Building a Simple MCP Server on Supabase (and Why Claude Is the Best UI You’ll Ever Not Build)

The Problem

I’ve been using AI agents to help me plan cooking schedules and track recipes, particularly dietary variants like low-FODMAP versions of things I like to cook. The problem is I’ve been flipping between different agents (Claude, ChatGPT, others) to try out their features, and I kept hitting the same wall: my data was nowhere. No recipe I added to one agent survived into another. No central store, no sharing, no consistency.

What I really wanted was simple:

A secure place to store my recipes that any agent could reach
Auth so that only I (and people I explicitly share with) can access my data
An API that speaks the language agents actually understand: MCP

The secondary problem is one I suspect a lot of people hit when they start thinking about MCP servers: how much infrastructure do I actually need here? The answer, it turns out, is much less than you think.

The full source code for this project is at VerdantForge/MiseEnPlace if you want to follow along.

The Insight That Changes Everything: Claude Is Your UI

Before getting into the architecture, I want to surface the most important lesson from this project, because it reframes how you should think about building data-backed MCP servers.

You don’t need a UI.

With a traditional web app, you model your domain, build a backend, then spend equal or greater time building a frontend: forms, tables, navigation, modals, responsive layouts, loading states.
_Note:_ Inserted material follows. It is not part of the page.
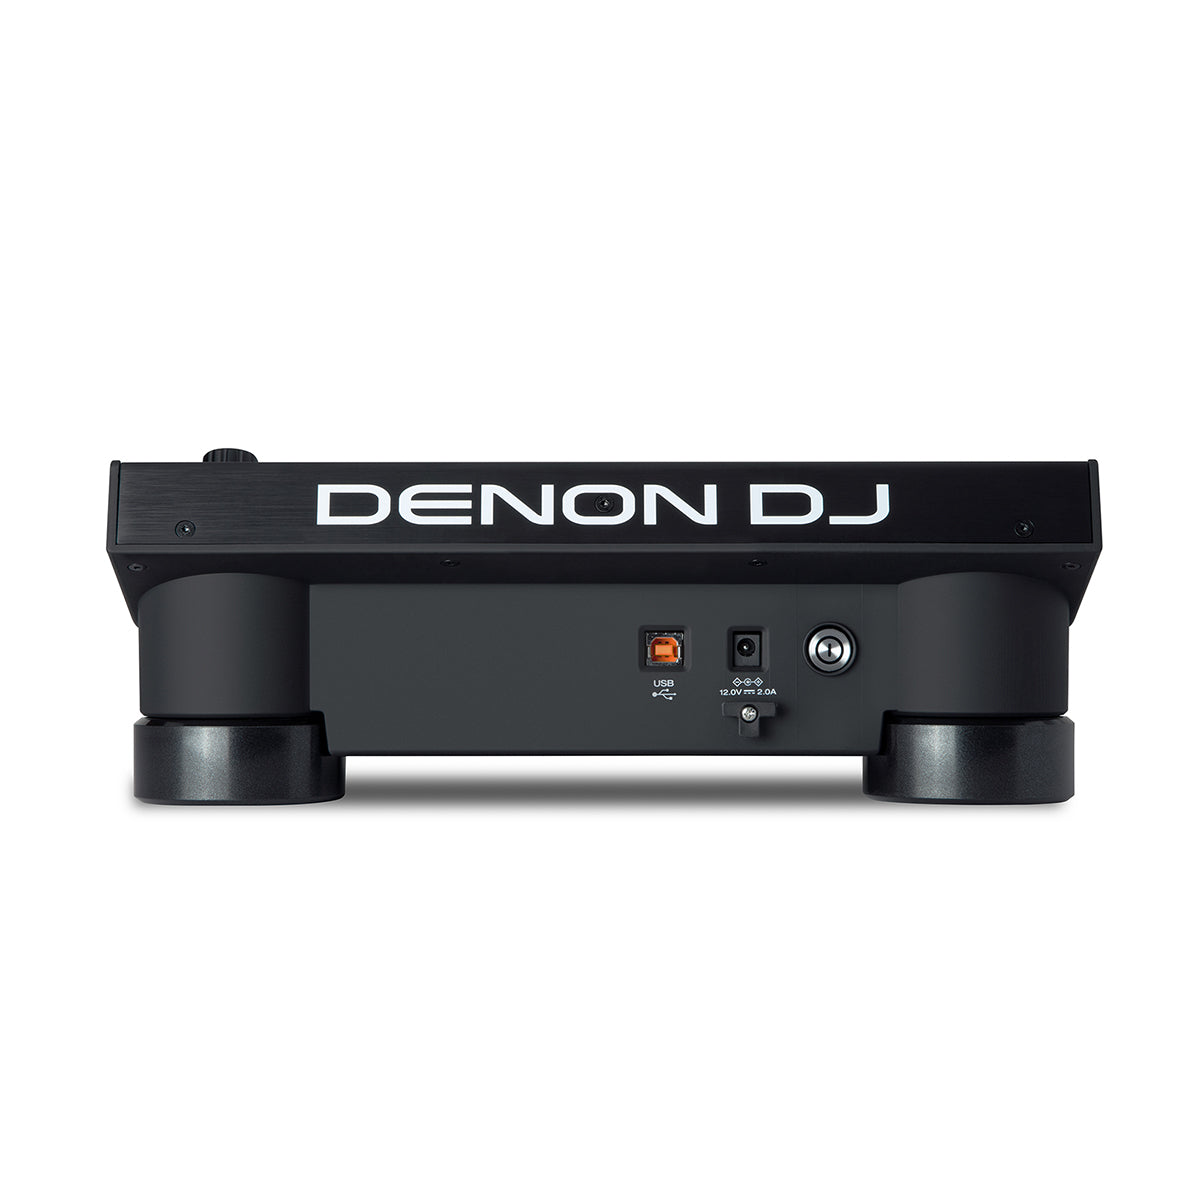 Denon DJ LC6000 PRIME Add On DJ Controller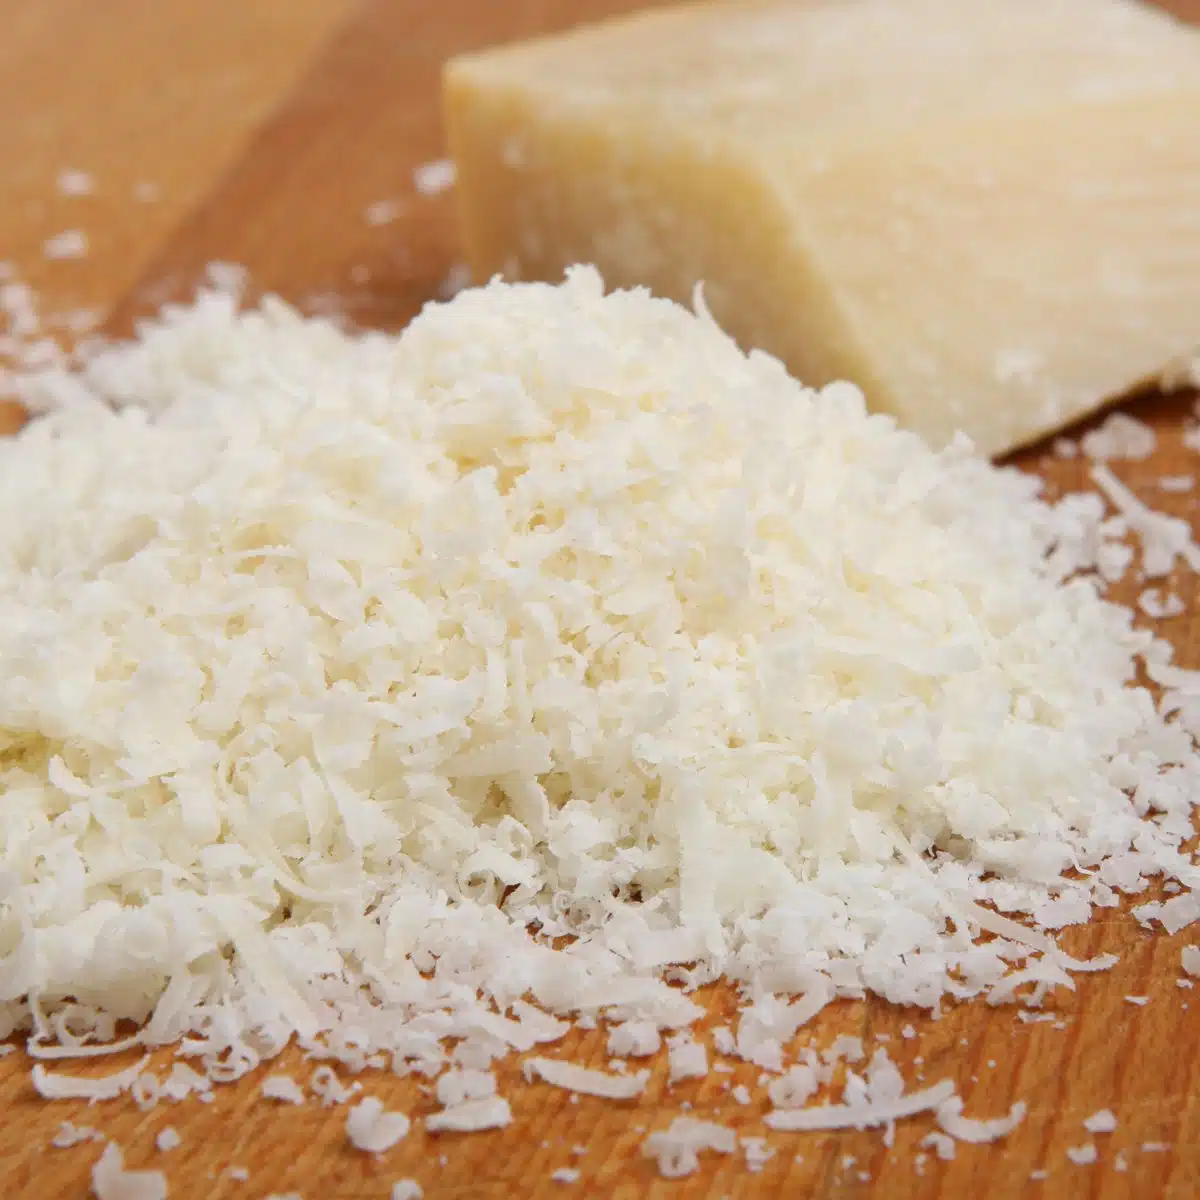 Immagine quadrata di formaggio romano grattugiato.

That frontend is essentially a translation layer, taking your data and turning it into something a human can interact with.

Claude does that translation natively, and it does it better than a static UI ever could.

When I connect Claude to my MCP server, I don’t get a recipe management screen. I get a collaborator who can:

Fetch a recipe from a URL I paste, parse it, normalize it to my preferred format, and store it, all in one message
Display recipes as beautifully formatted cooking guides with step-by-step instructions rendered inline in the chat
Cross-reference my recipes against my dietary restrictions without me building a single filter
Help me scale a recipe for a dinner party, substituting ingredients I have on hand

And crucially: different users of the same MCP server can get totally different experiences just by asking for different things. One person says “show me a shopping list.” Another says “give me a timeline for cooking this for a dinner at 7pm.” The MCP server has no opinion about either. It just provides the data. Claude handles the presentation.

This means your job as the MCP author reduces to two things:

Model your domain accurately in the database
Secure the objects properly so users only see what they should

Everything else is negotiable.

Schema Design: Embrace Simplicity

Because Claude handles the parsing and interpretation layer, your schema can be radically simple. In a traditional app, you might be tempted to add structured fields for every piece of information you want to display or filter. With an AI on the front end, you can delegate that entirely.

The schema for this project:

create table public.recipes (
  id         uuid        primary key default gen_random_uuid(),
  user_id    uuid        not null default auth.uid() references auth.users(id) on delete cascade,
  title      text        not null,
  content    text        not null,
  created_at timestamptz not null default now(),
  updated_at timestamptz not null default now()
);

That’s it. content is free-form text. No structured ingredients, no steps array, no nutritional fields. Claude reads whatever format I store and understands it, whether that’s a formal recipe, a rough notes dump, or a URL to parse.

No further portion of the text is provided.